Because this is a finite data set:
- the estimated correlation will not exactly equal the true correlation
- recovery improves with more lakes and more observations per lake
- weak random-slope variation can make correlation recovery harder
13 Why the multivariate normal is so useful
This example shows why the multivariate normal distribution is so important in hierarchical modeling.

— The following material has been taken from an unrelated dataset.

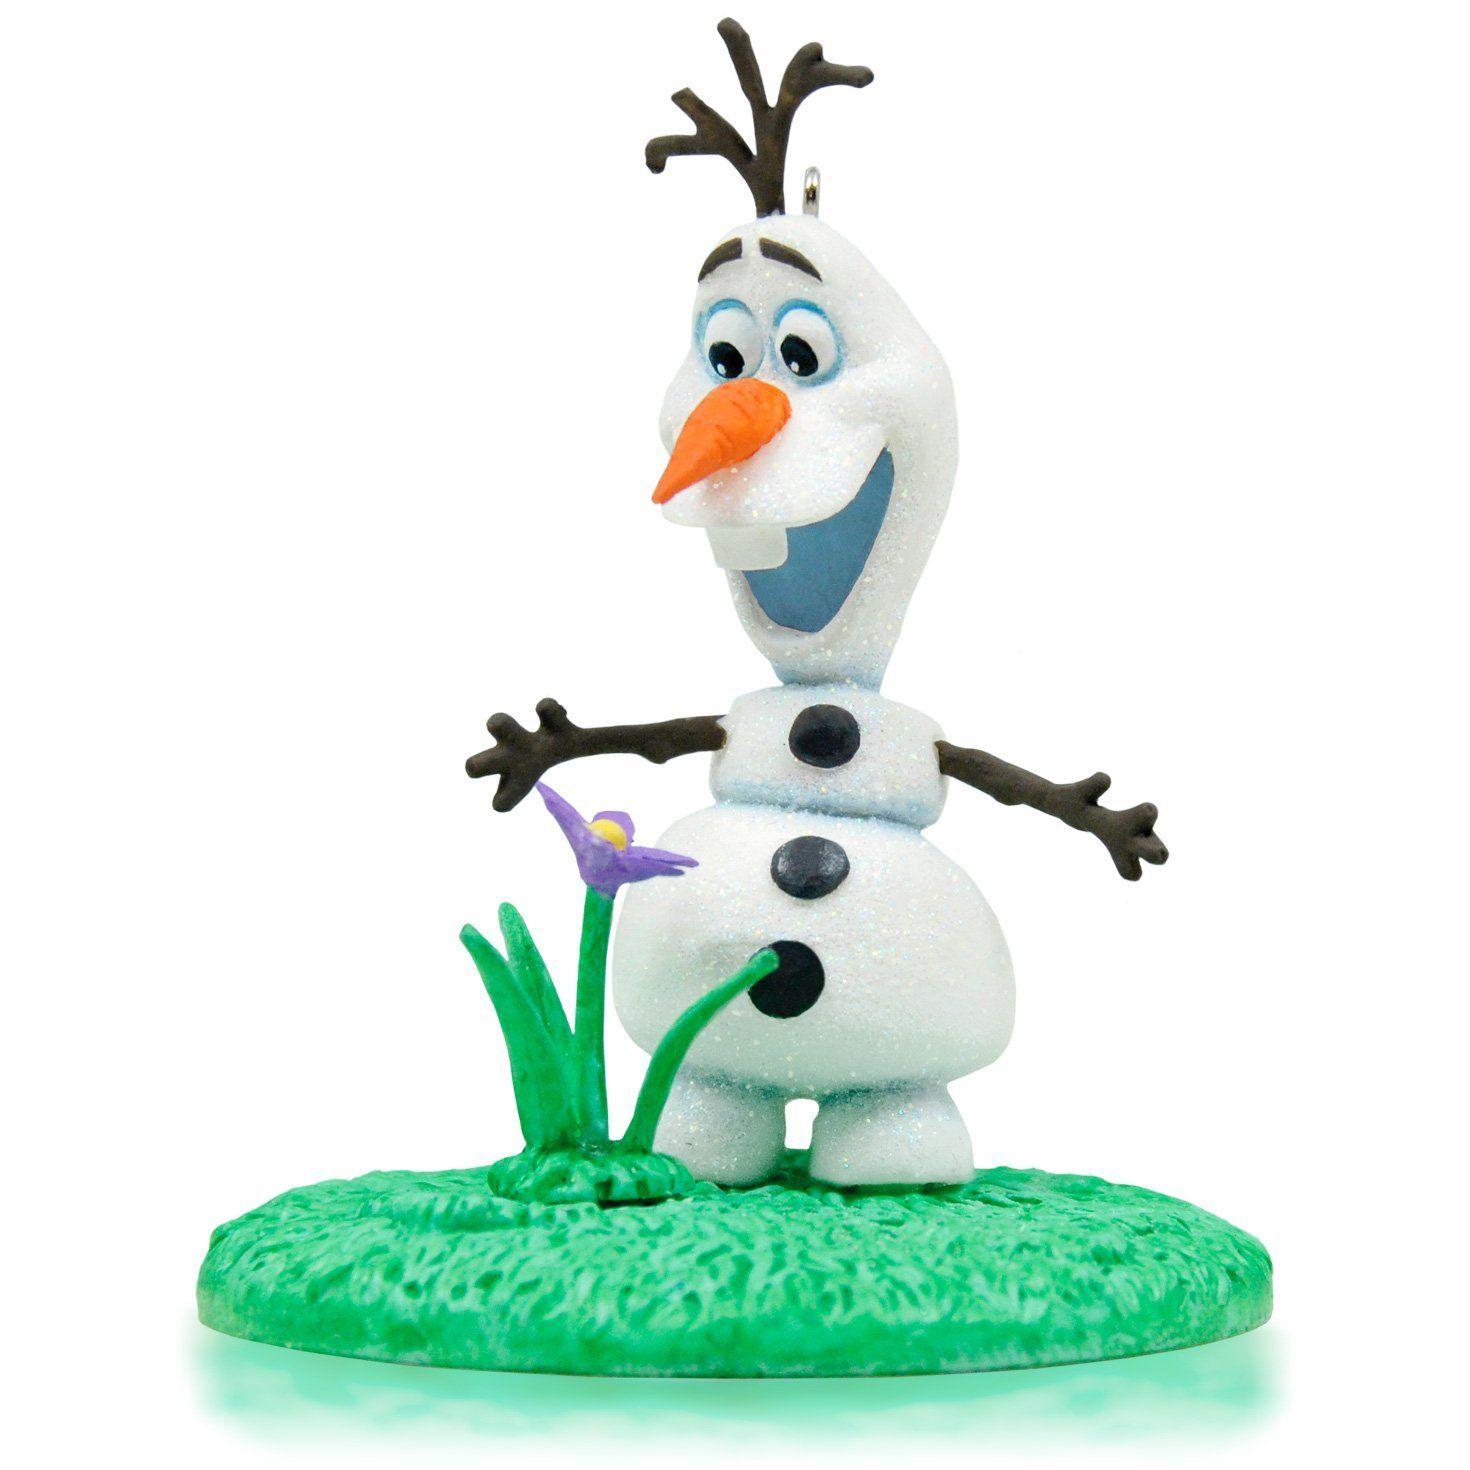 Hallmark Keepsake Disney Frozen Olaf In Summer Holiday Ornament

It lets us represent several related random quantities jointly. Here, the lake-level intercept and slope are not simulated independently; instead, they are generated together from a covariance matrix:
\[ \boldsymbol{\Sigma}_b = \begin{bmatrix} \sigma_{0}^{2} & \sigma_{01} \\ \sigma_{01} & \sigma_{1}^{2} \end{bmatrix} \]
That matrix determines:
- how much intercepts vary among lakes
- how much slopes vary among lakes
- whether lakes with higher baseline trout abundance tend to have stronger or weaker temperature effects
14 Exercises
- Change the true correlation
rhofrom-0.5to0.5. What changes in the simulated data and fitted model? - Increase the number of lakes. Does recovery improve?
- Reduce the random-slope standard deviation. What happens to the estimated correlation?
- Add an observation-level predictor besides temperature.
- Fit the same model with fewer observations per lake. How does that affect uncertainty?
15 Key takeaways
- Correlated random intercepts and slopes are naturally represented with a multivariate normal distribution.
- The covariance matrix controls both the amount of variation and the correlation among group-level effects.
- A Poisson GLMM can be simulated by combining a log link, random effects, and Poisson sampling.
brmscan estimate the correlation among random effects through formulas such as(1 + temp | lake).